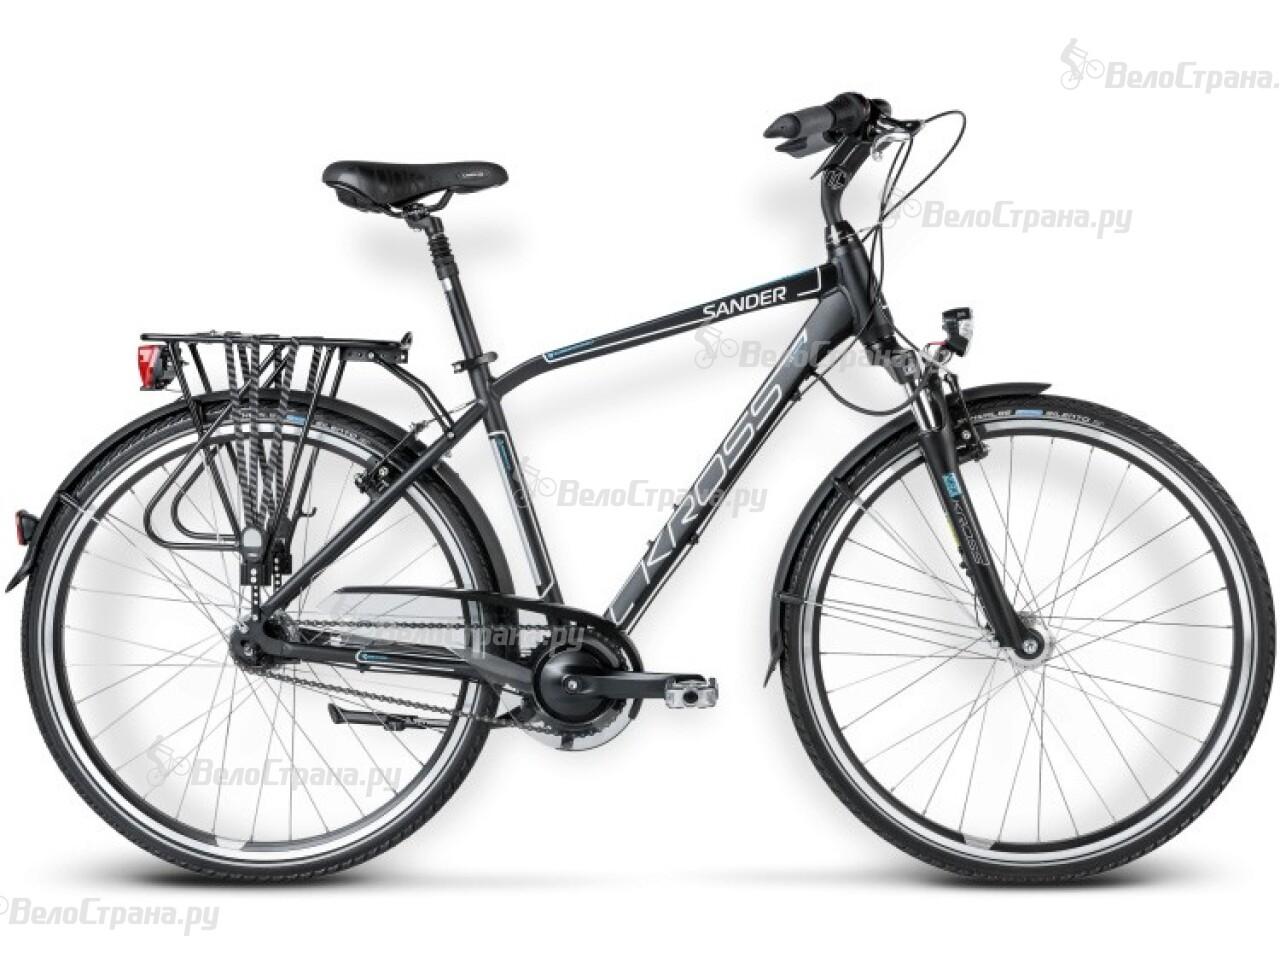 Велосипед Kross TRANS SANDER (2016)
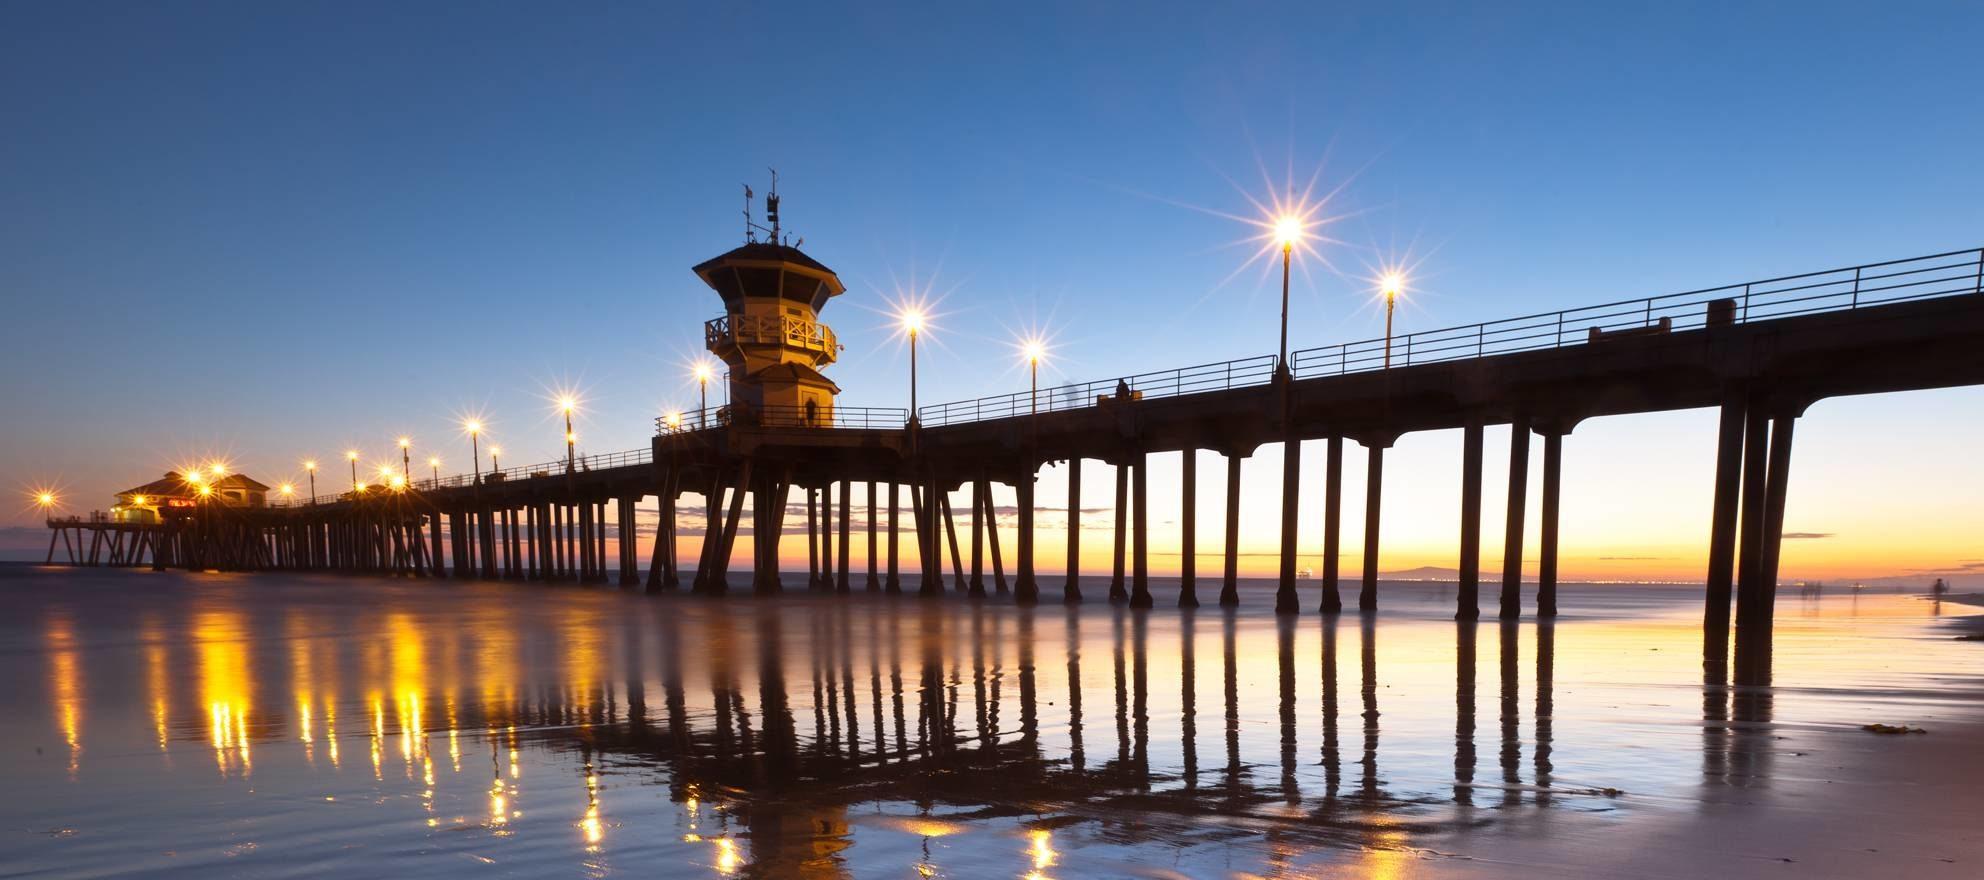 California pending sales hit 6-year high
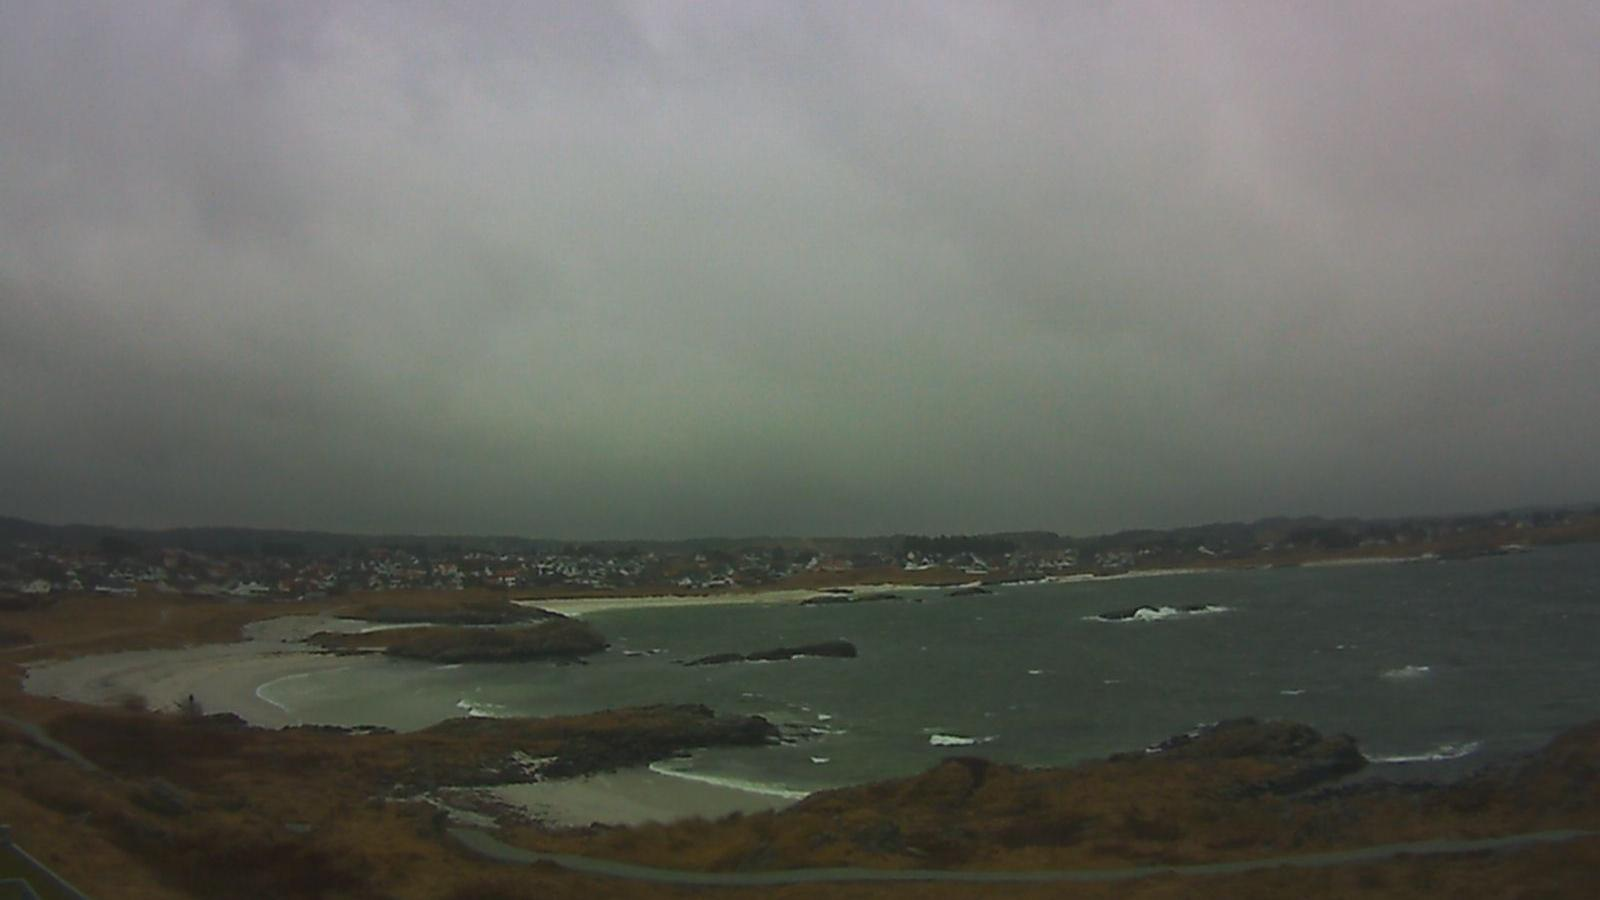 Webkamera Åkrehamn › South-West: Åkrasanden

▬▬▬▬▬▬

- _Exercise prompt_
For your answer, write out the data exactly and drop every picture.

- _Exercise answer_
 Велосипед Kross TRANS SANDER (2016)
 California pending sales hit 6-year high
 Webkamera Åkrehamn › South-West: Åkrasanden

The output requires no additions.